Further, in order to improve the accuracy of parameter adjustment, step S033 includes:

and when the matching fails, adjusting parameters of the initial dance prediction model to obtain a preset dance prediction model.

It should be noted that the actual dance information may be information of whether there is dance behavior in the video sample.

It will be appreciated that when a match fails, a video sample that indicates the presence of dance activity is misinterpreted as the absence of dance activity. At this time, parameter adjustment needs to be performed on the initial dance prediction model to improve the accuracy of the dance prediction model.

According to the third embodiment, a plurality of human posture characteristic samples are input into the initial dancing prediction model to obtain an initial prediction result, the dancing mark information corresponding to the video sample is searched, the initial dancing prediction model is subjected to parameter adjustment according to the initial prediction result and the dancing mark information to obtain a preset dancing prediction model, and therefore the reliability and accuracy of the dancing prediction model training can be improved.

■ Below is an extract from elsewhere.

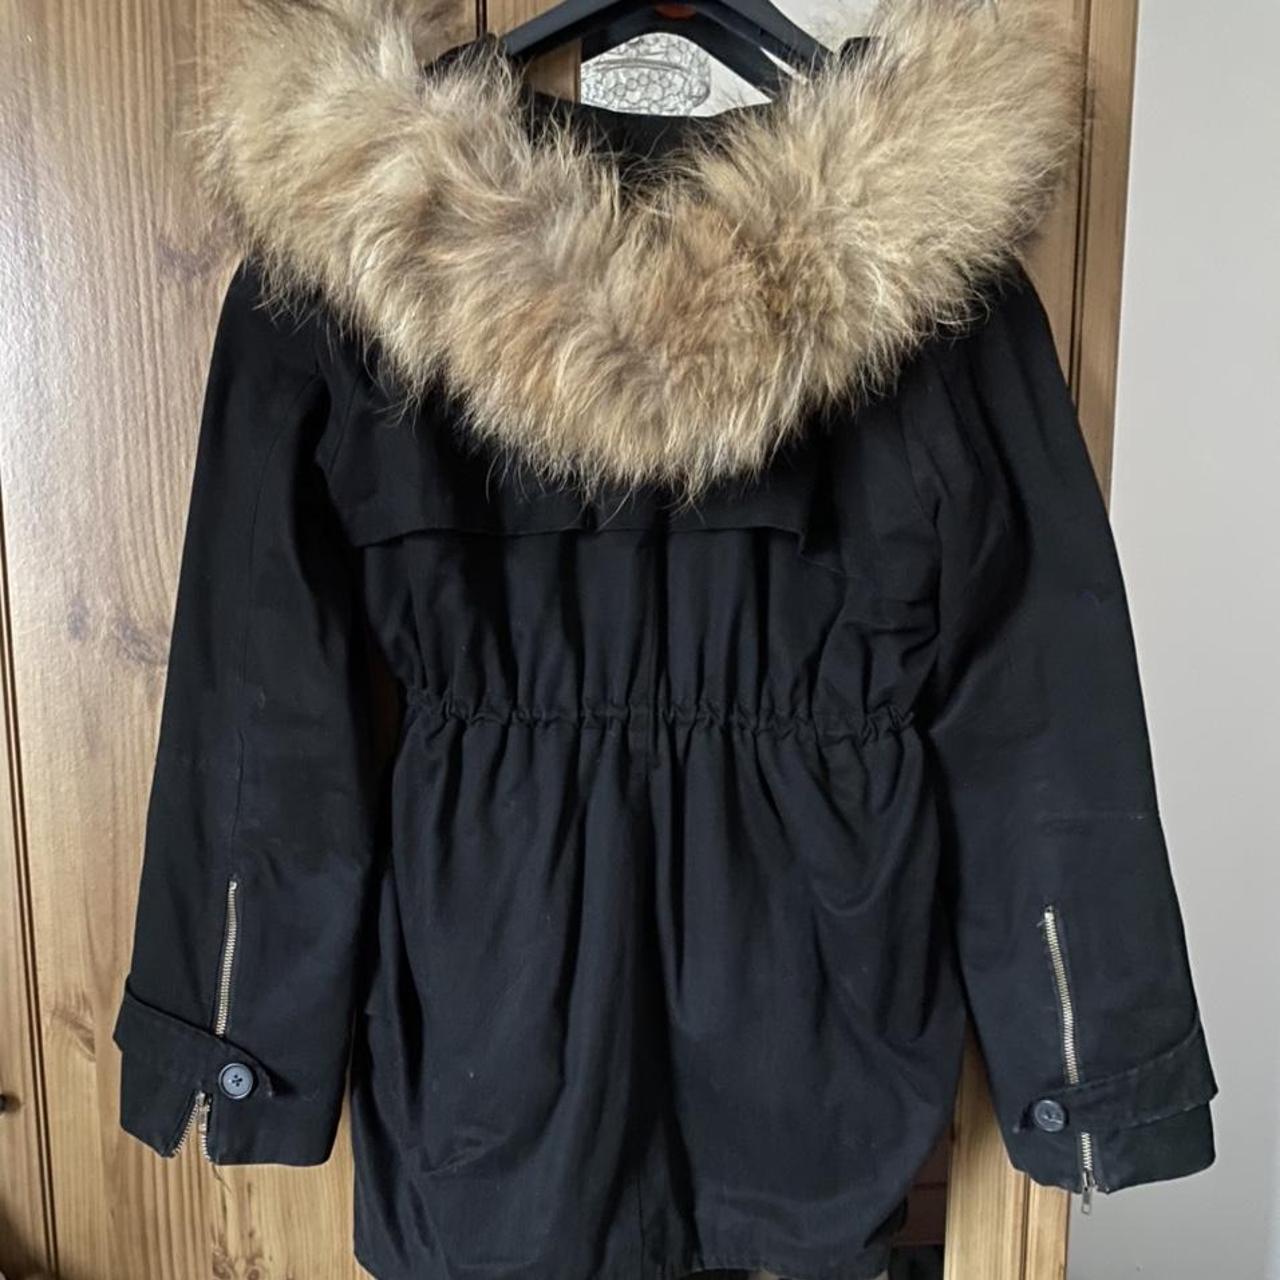 Sherpa lined black Parker coat with real fur hood.... - Depop

Referring to fig. 7, fig. 7 is a schematic flow chart of a fourth embodiment of the dance detection method of the present invention, and the fourth embodiment of the dance detection method of the present invention is provided based on the first embodiment shown in fig. 2.

In a fourth embodiment, the step S10 includes:

step S101: and extracting the video to be detected frame by frame to obtain an initial image set.

It should be noted that the initial image set may be an image set composed of a plurality of frames of images.

It should be understood that a video is typically composed of a plurality of frames of images arranged in a temporal sequence. Therefore, an initial image set can be obtained by extracting the video to be detected frame by frame.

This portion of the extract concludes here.